Résumer les dynamiques néolibérales à du radicalisme de marché est fallacieux. Les acteurs néolibéraux, en Europe et dans le monde, forment une sphère mouvante et diverse. Tout examen de leurs réseaux doit donc d’abord éviter le piège de réductions simplistes. Ce constat vaut particulièrement dans le contexte des luttes pour l’après-Covid.
Résumer les dynamiques néolibérales à du radicalisme de marché est fallacieux. Les acteurs néolibéraux, en Europe et dans le monde, forment une sphère mouvante et diverse. Tout examen de leurs réseaux doit donc d’abord éviter le piège de réductions simplistes. Ce constat vaut particulièrement dans le contexte des luttes pour l’après-Covid.

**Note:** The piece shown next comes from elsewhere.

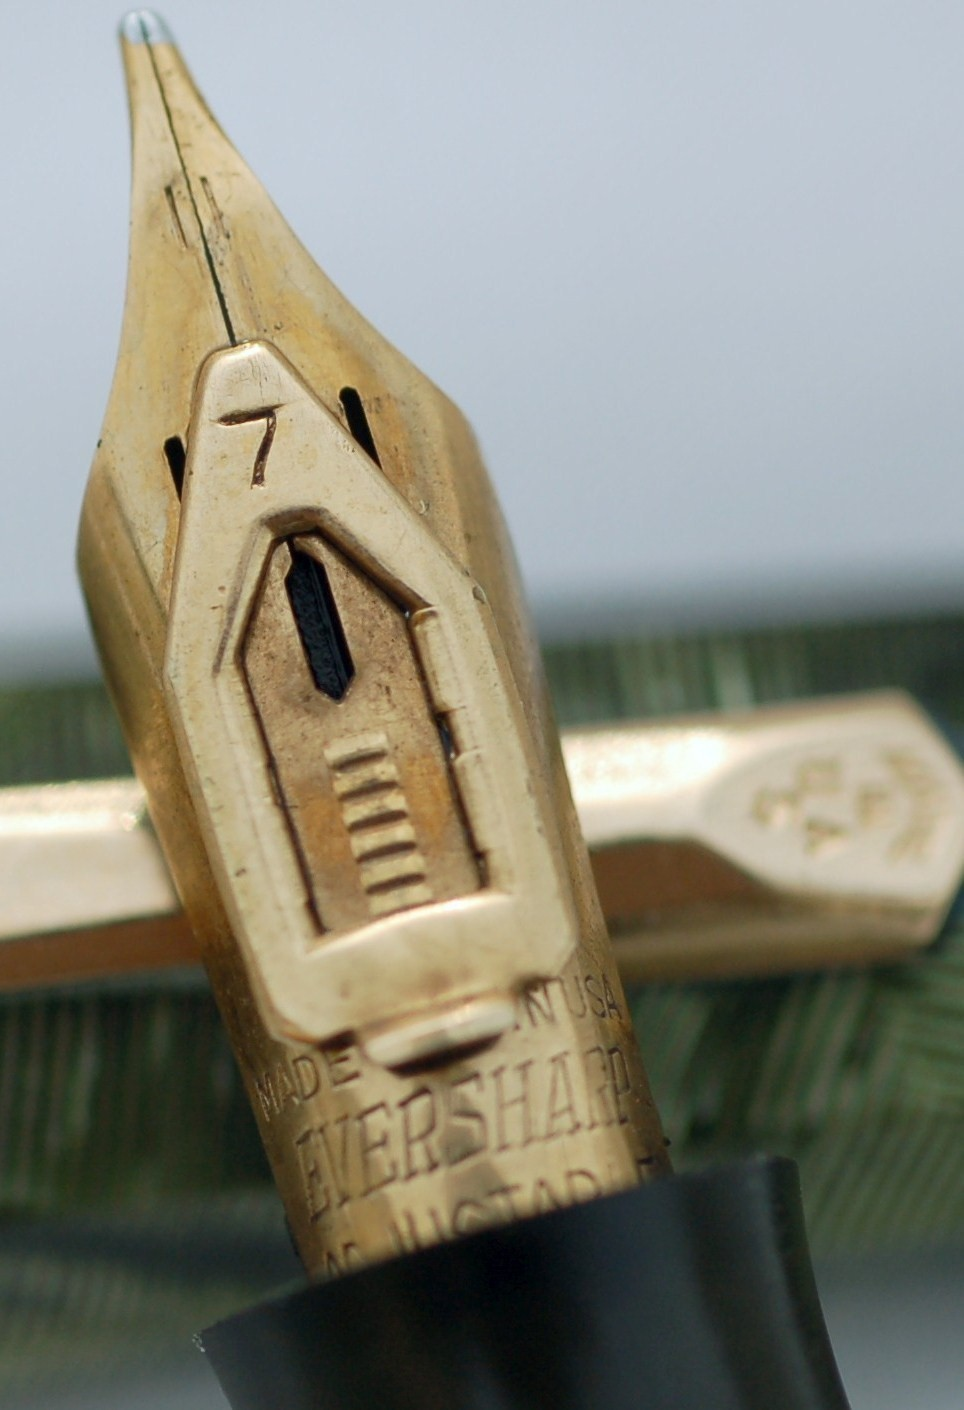 Wahl Doric Fountain Pen #7 Adjustable Nib Close up View
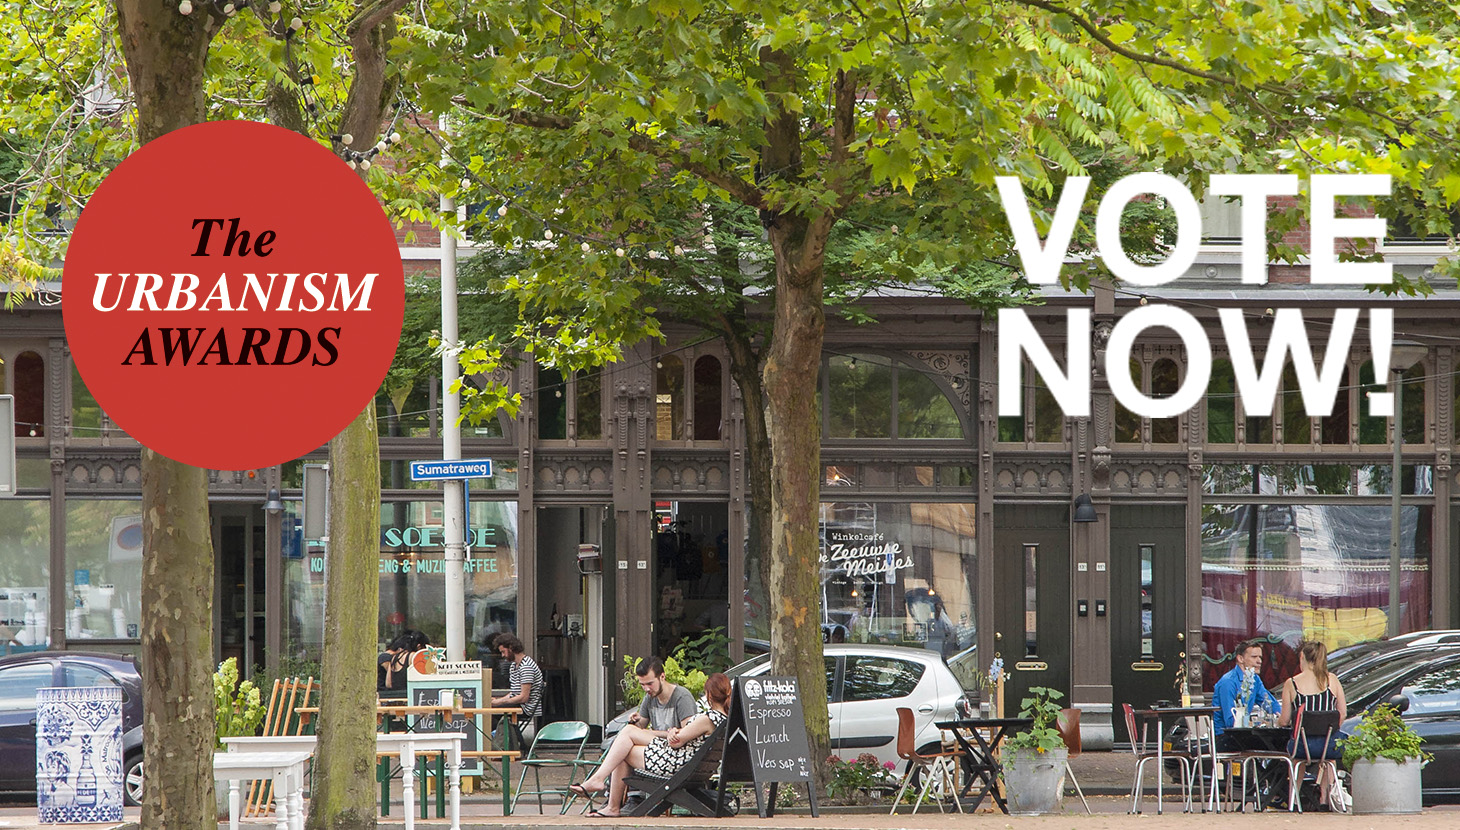 rotterdam-vote

Source: Djelic and Mousavi 2020, p. 261.
La crise financière mondiale de 2008 a popularisé l’idée que le projet néolibéral pourrait avoir définitivement échoué (« idées zombies ») et que la période actuelle constituerait un interrègne vers le post-néolibéralisme. Moins d’une décennie après la grande crise du capitalisme mondial financiarisé et du néolibéralisme, la pandémie a de nouveau paralysé l’activité économique tandis que, dans de nombreux pays, les systèmes sociaux sont au bord de l’effondrement. À la différence de la crise financière d’il y a dix ans, la crise actuelle peut être vue comme le résultat d’un choc externe. Mais l’impact du virus montre également le mauvais état du système de santé publique dans de nombreux pays, lesquels sont affectés par des décennies d’austérité et par le primat des idées néolibérales d’efficacité économique et de rentabilité. Les grandes puissances se sont montrées incapables de coordonner le développement et la distribution des vaccins face au défi mondial de la pandémie, dévoilant à nouveau l’échec de la préférence donnée à la compétitivité. Au lieu d’unir leurs forces pour faire face à un défi planétaire sous égide des Nations Unies, les principaux pays et blocs régionaux se sont engagés dans une rivalité impérialiste sur les vaccins et dans le nationalisme sanitaire. Assurément, on peut imputer avec raison à la transformation néolibérale du capitalisme des États providence les problèmes croissants actuels de destruction du cadre de vie, d’aggravation des inégalités sociales et de dévastation des infrastructures sociales (Goldman 2005, Malm 2020, Patel et Moore 2017).
Hélas, il nous faudra attendre de voir les prochaines étapes des crises multiples en cours pour savoir si l’on peut effectivement parler de la crise (terminale) du néolibéralisme. Plus probablement — et cela ne sera pas la première fois —, nous continuerons de vivre sous le néolibéralisme de crise en crise, plutôt que d’en voir la fin : on pense ici à la « marée rose » des gouvernements de gauche qui sont apparus de l’Argentine à la Bolivie en Amérique centrale et du Sud pendant le boom des matières premières des années 2000, marée qui avait cédé la place à un tournant néolibéral autoritaire (Plehwe et Fischer 2019). On pense aussi à l’ambition affichée du « New Labour » de procéder au dépassement du néolibéralisme à la fin des années 1990 en Europe, pour au final laisser les approches néolibérales entrer davantage dans la sphère des politiques de travail et d’emploi (« politiques d’activation » pour le retour sur le marché du travail des bénéficiaires d’aides, développement du travail indépendant sur fond de perte des avantages liés au salariat et d’abandon de la sécurité d’emploi de long terme).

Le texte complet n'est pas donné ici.